THE Church of Scotland has called for an independence referendum debate that focuses on “integrity and community – not just cash and constitutions”.
A report from the Kirk, Imagining Scotland’s Future – based on feedback from 900 people at 32 events around the country – said the referendum had to be about more than “what’s in it for me” and called for a debate that centres on social justice.
The Church said suggestions from campaigners on both sides that Scottish residents would be £500 better or worse off in an independent Scotland did not affect people’s tendency towards a Yes or No vote.
There was also a call for “limits” on “free market forces” with a move towards progressive taxation to support public services and alleviate poverty.
The report, launched in Edinburgh yesterday, found congregations across Scotland are deeply concerned about fairness, justice and sharing for their communities as a whole.
The report said: “There was willingness to consider alternative and more progressive models of taxation to build a better society.

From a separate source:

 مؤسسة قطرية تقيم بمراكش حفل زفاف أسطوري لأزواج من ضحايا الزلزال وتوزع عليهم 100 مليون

The referendum is about far more than the simple question ‘what is in it for me?’”
The Church has adopted an impartial position in the independence debate.

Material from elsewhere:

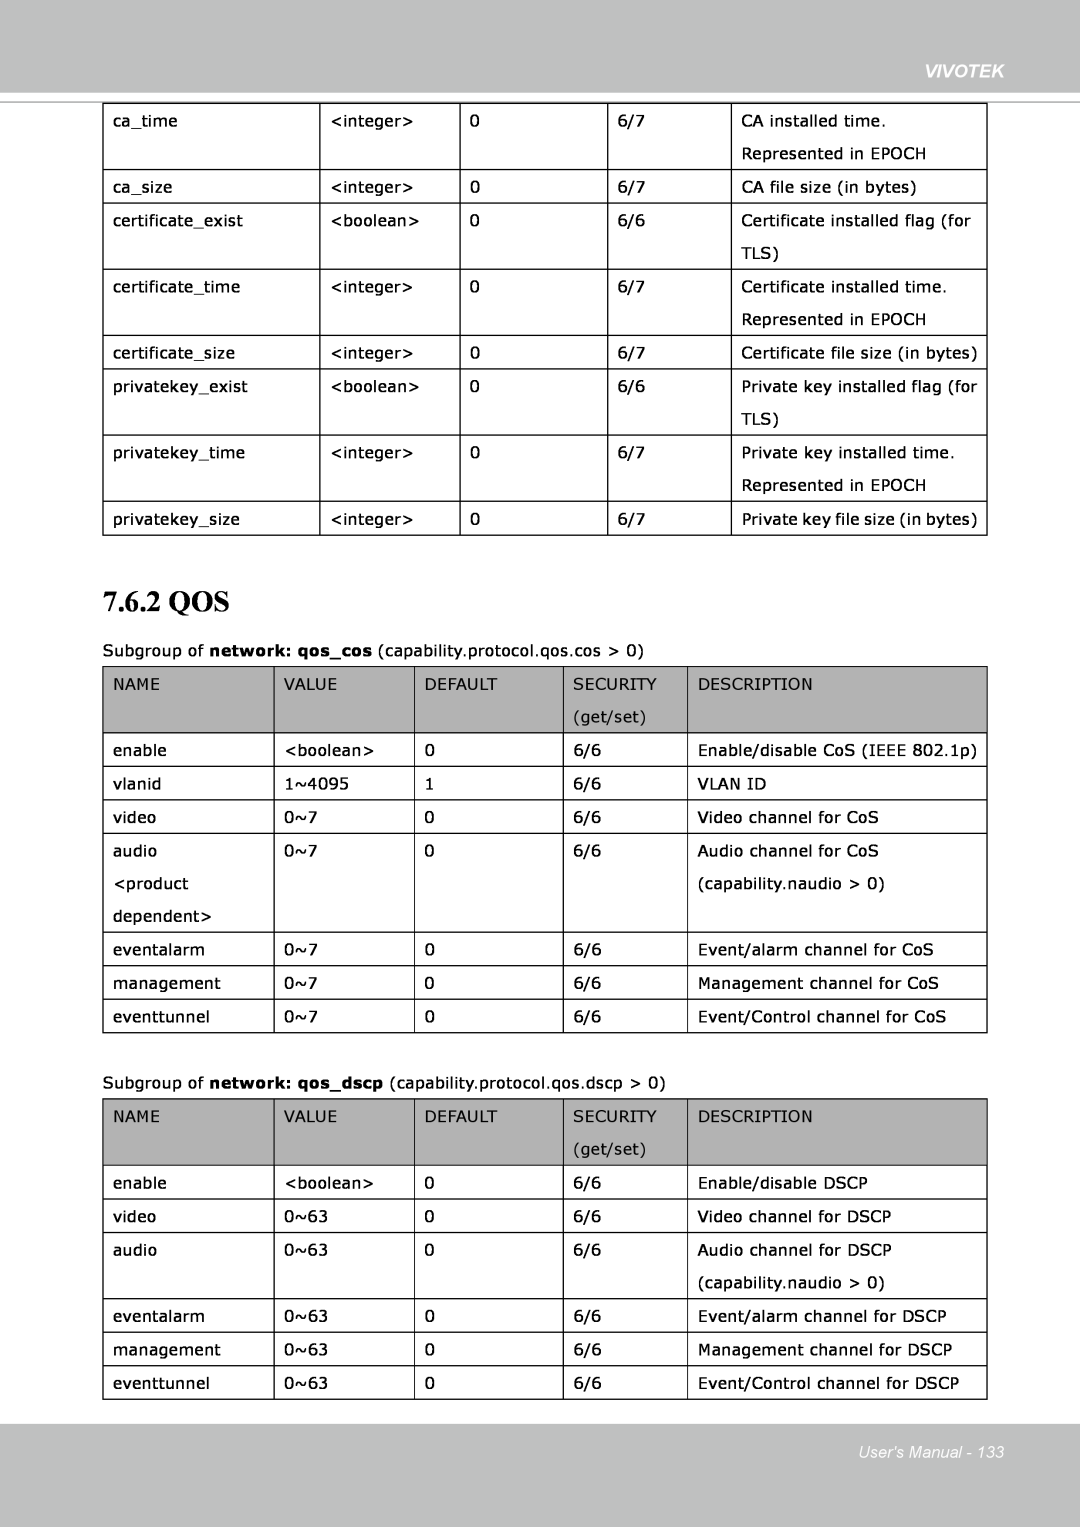 Vivotek FE8171V manual 7.6.2 QOS, Vivotek, Users Manual

However, the study found dissatisfaction with the political system at all levels, not just Westminster or Holyrood, with participants calling for integrity, accountability and transparency.
There were also calls for politicians to be held accountable between elections and for the party system to be less powerful.
Sally Foster-Fulton, convener of the Kirk’s Church and Society Council, said: “It is an inspiration to see that people in communities across Scotland are challenging the political status quo. The Church of Scotland is committed to finding ways to transform our political debate to ensure that wellbeing and values, such as justice, cohesion and sustainability, become the measures for economic activity.”
The consultation asked Kirk members “what values are most important to you for the future of Scotland, how can we make Scotland a better place and how do we put our aspirations into action?” The study suggested participants were not just thinking about themselves when deciding how to vote in the referendum. It said: “This consultation clearly found that participants wanted to see values at the heart of public discourse and were not making their decisions on the basis of financial gain or loss. Congregations across Scotland are deeply concerned about fairness, justice and sharing for their communities as a whole.”
Participants in the study also showed “robust support” for well-resourced and competently delivered public services.
Defence and Trident were discussed at just under half the events, with most participants opposed to them, both in Scotland and beyond.
SNP MSP Dave Thompson, convener of Christians for Independence, a cross-denominational group, said: “We welcome today’s Church of Scotland report as a powerful reminder that constitutional change is not an end in itself but a means to creating a more socially just society.” A spokesman from the anti-independence Better Together campaign said: “This is a welcome contribution from the Church of Scotland. It is essential that all voices are heard in this referendum debate, no matter what their view.”